# by people the goats gone



## 06pontiacgto (Nov 7, 2007)

my goat i gone.
alot of yous will be like wtf.. u do that for but w/e i dont care what you's think i sold the goat.
and out of it i got cash and bought a mishubishi 3000gt with the money the car is an all around better car in my opion and cheaper  haha 
well i will be off this site in a few days just saying that the goats gone
but cheers to the year with the goat it is still out there some where :cheers


----------



## NJG8GT (Nov 14, 2007)

confused:confused


----------



## 06pontiacgto (Nov 7, 2007)

NJgoat said:


> confused:confused


ya it is sad i will still have a gto just not an 06 there is an yellow 04 parked in my garage still


----------



## 06brazengto (Sep 21, 2007)

:confused a ok, u bought a mitsubishi 3000gt? ,
how is it better than a goat?


----------



## NJG8GT (Nov 14, 2007)

06pontiacgto said:


> ya it is sad i will still have a gto just not an 06 there is an yellow 04 parked in my garage still


WHY DID U GET RID OF THE '06. IT WOULD BE COOL TO HAVE BOTH:confused


----------



## 06pontiacgto (Nov 7, 2007)

06brazengto said:


> :confused a ok, u bought a mitsubishi 3000gt? ,
> how is it better than a goat?


haha ya i bought an 3000gt and sold my 06 gto but now i have an 3000gt and a 2004 gto so there is still 1 goat in my garage


----------



## 06pontiacgto (Nov 7, 2007)

*idk*

idk y i got rid of the 06 to much money to have an 04 an 06 and an 3000gt


----------



## NJG8GT (Nov 14, 2007)

Dude, what year is the 3000GT? I mean, if you don't want two of the same kind of car, yea, I can see that.

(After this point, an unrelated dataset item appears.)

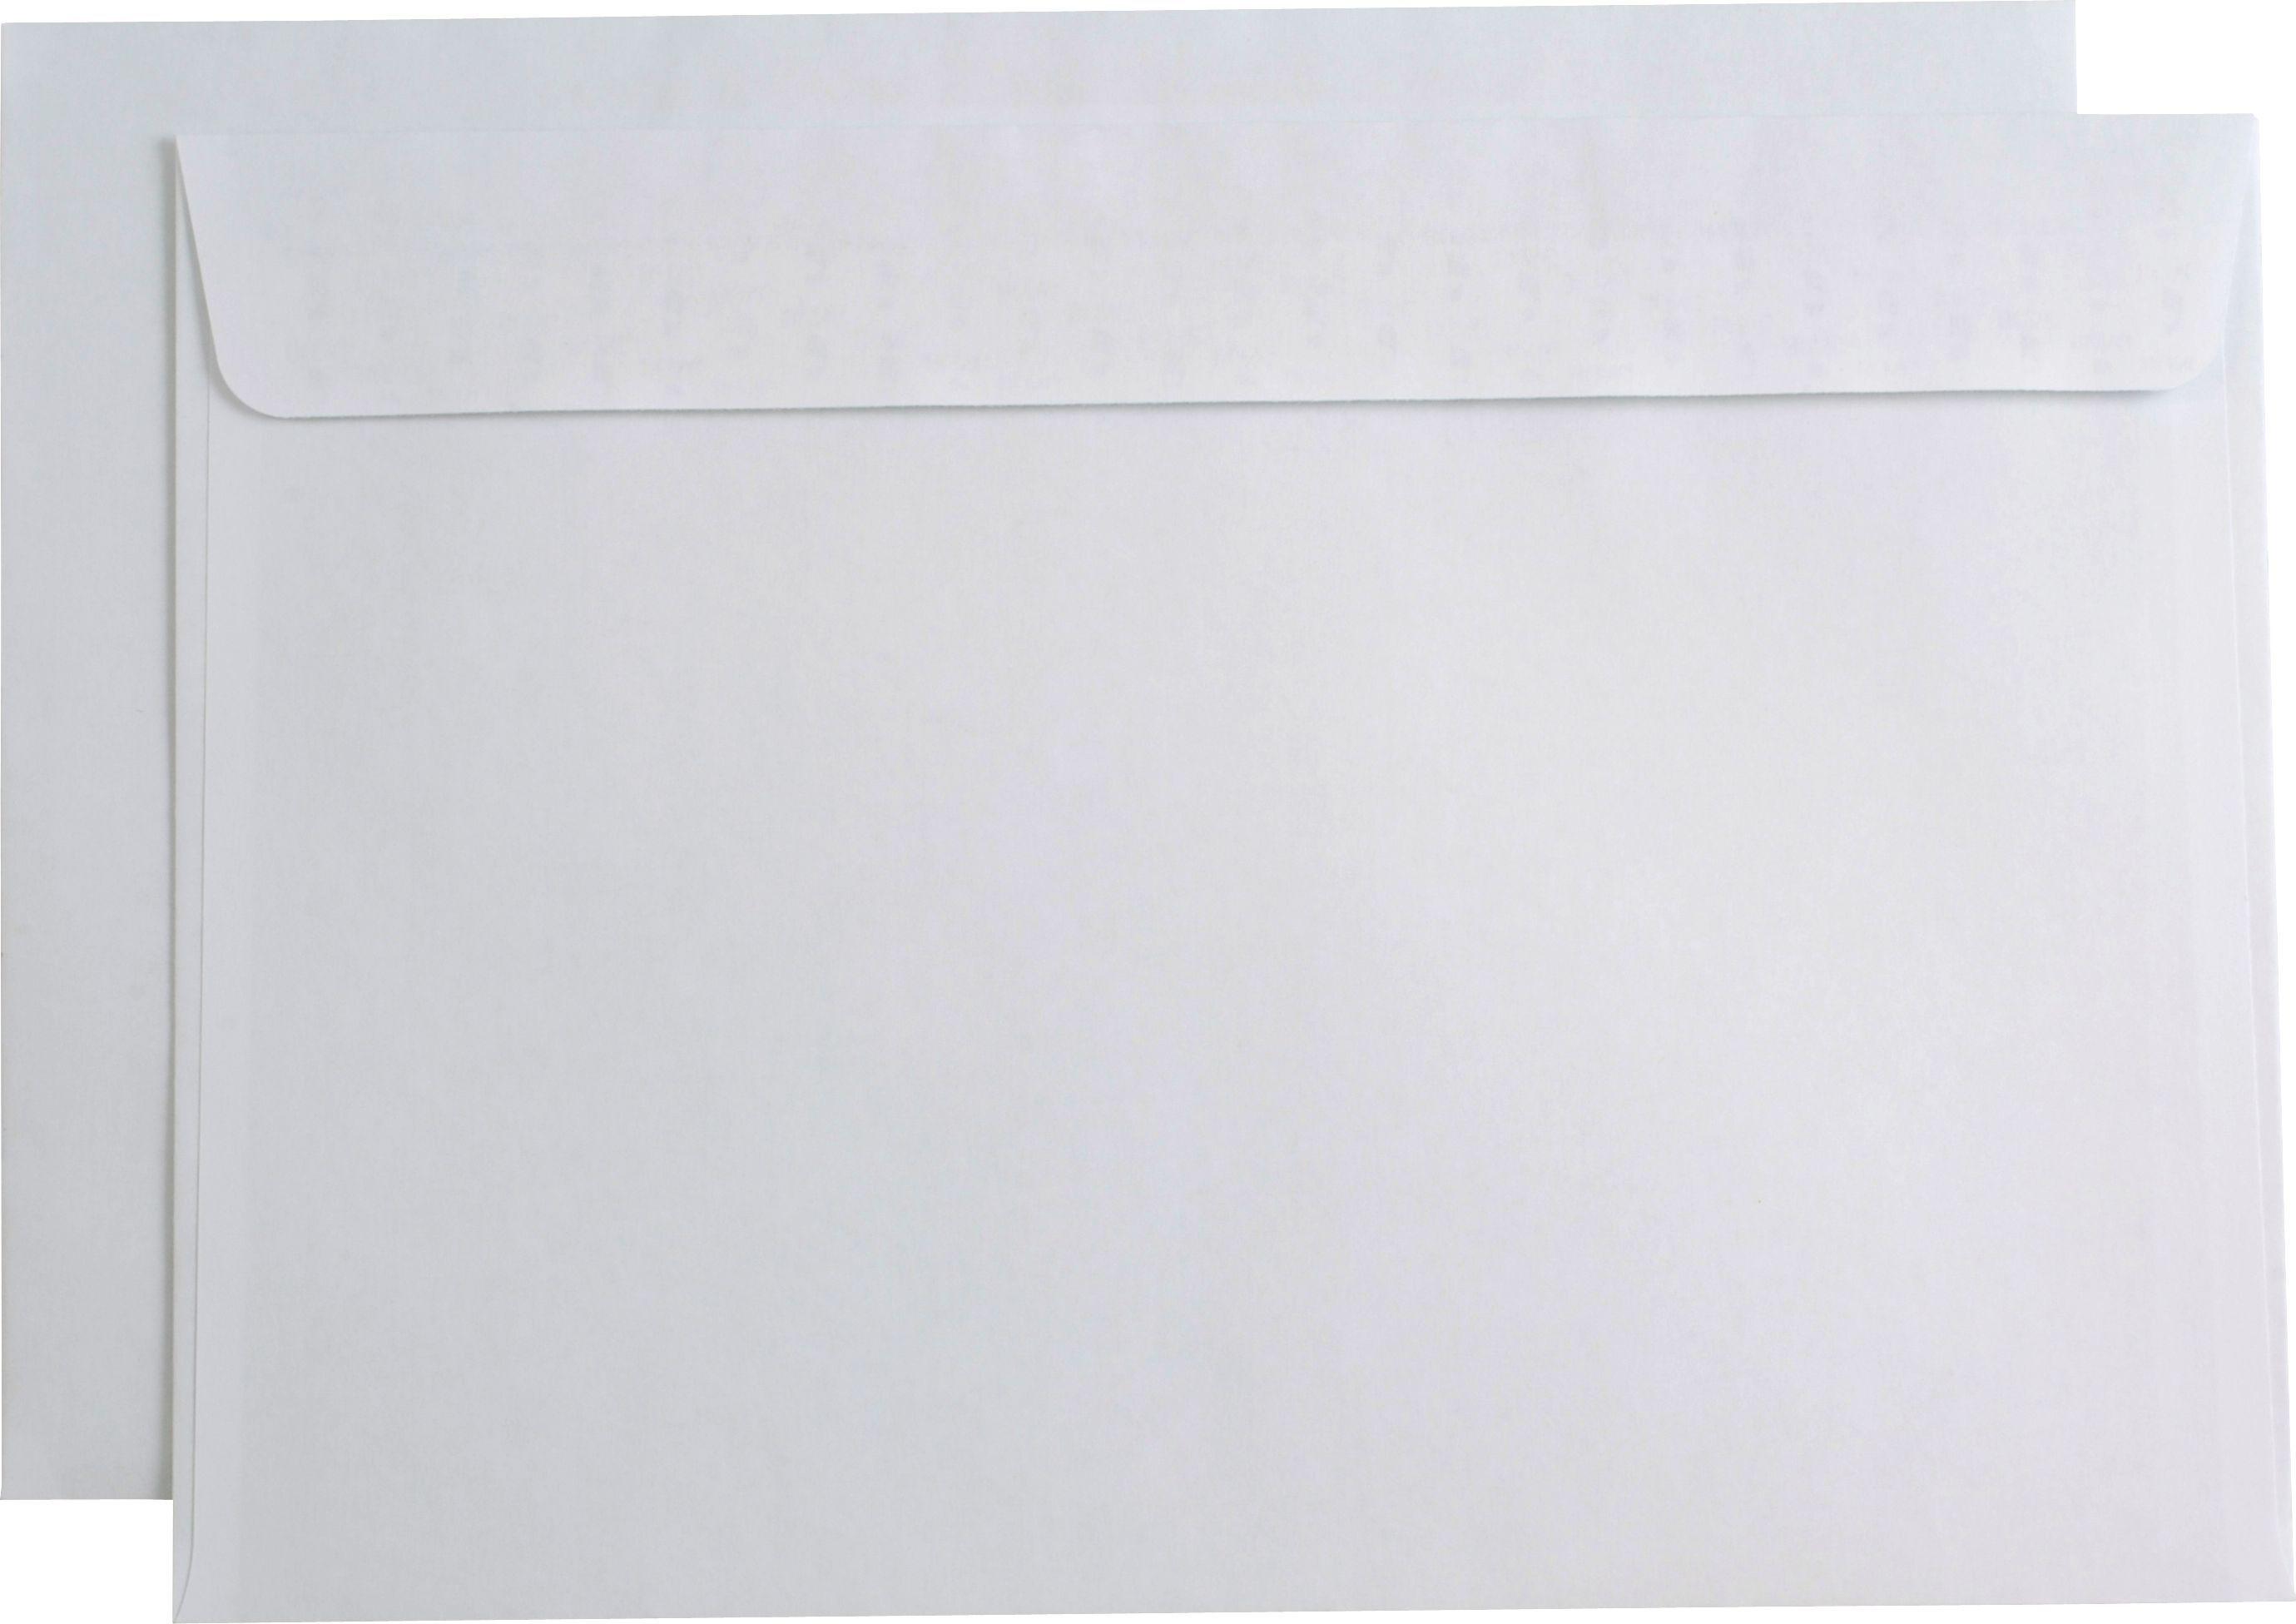 Mailman Konvolutt C5 90g SKD (500) 10084
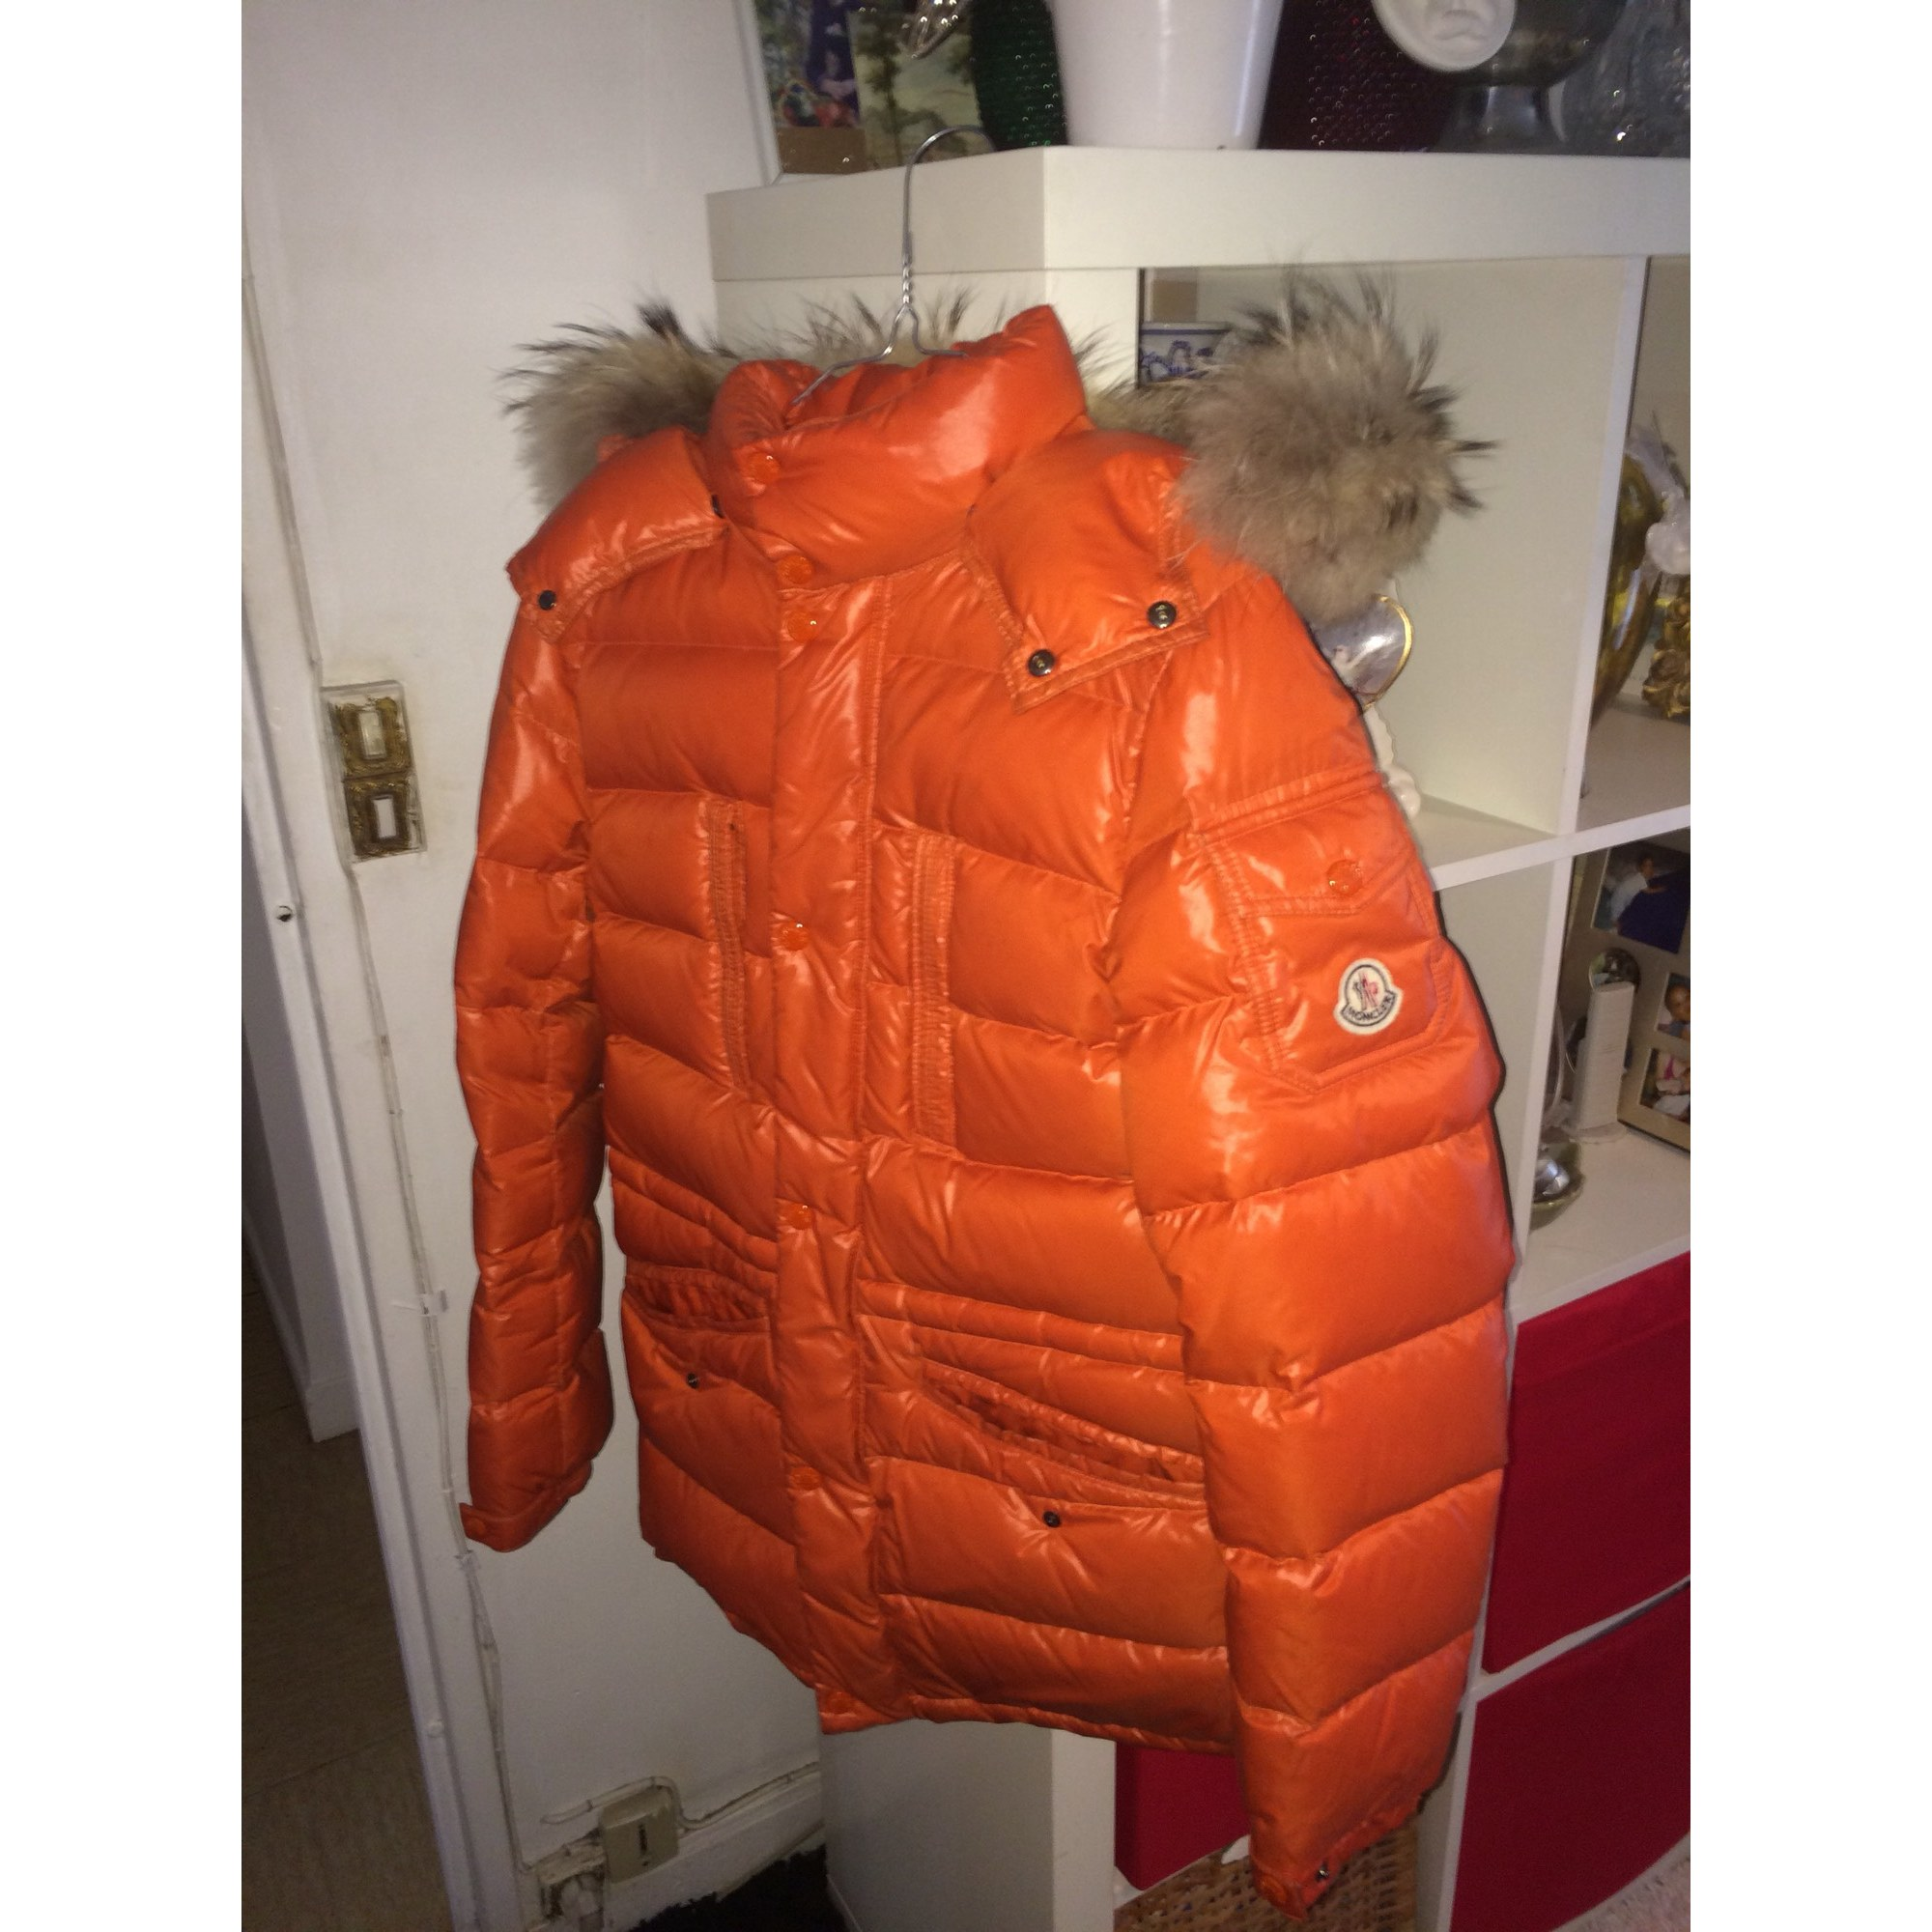 Doudoune MONCLER 46 (S) orange vendu par Louison92290 - 6442508 6e9b8117d55

But why a mitz? and why not the '04? Man, if I had both, that would be awesome!!!! Dude!!!!


----------



## 06pontiacgto (Nov 7, 2007)

NJgoat said:


> Dude, what year is the 3000GT? I mean, if you don't want two of the same kind of car, yea, I can see that. But why a mitz? and why not the '04? Man, if I had both, that would be awesome!!!! Dude!!!!



ITS AN 94 arty:


----------



## NJG8GT (Nov 14, 2007)

06pontiacgto said:


> ITS AN 94 arty:


Could have atleast got he DODGE STEALTH - sounds better. Same car right?


----------



## dustyminpin (Jun 19, 2006)

My buddy has a VR4 Spider (all wheel drive and all wheel STEERING (like GMC's quadra-steer they had on a few truck models a couple years ago) and came with some funky factory paint option that reminds me of a motorcylcle's gas tank where the color changes depending on the light and the angle from which you're looking at it) and he payed in the high 30's for it back in the mid 90s, and long story short, it ain't worth the storage in his dad's garage that he keeps it in. 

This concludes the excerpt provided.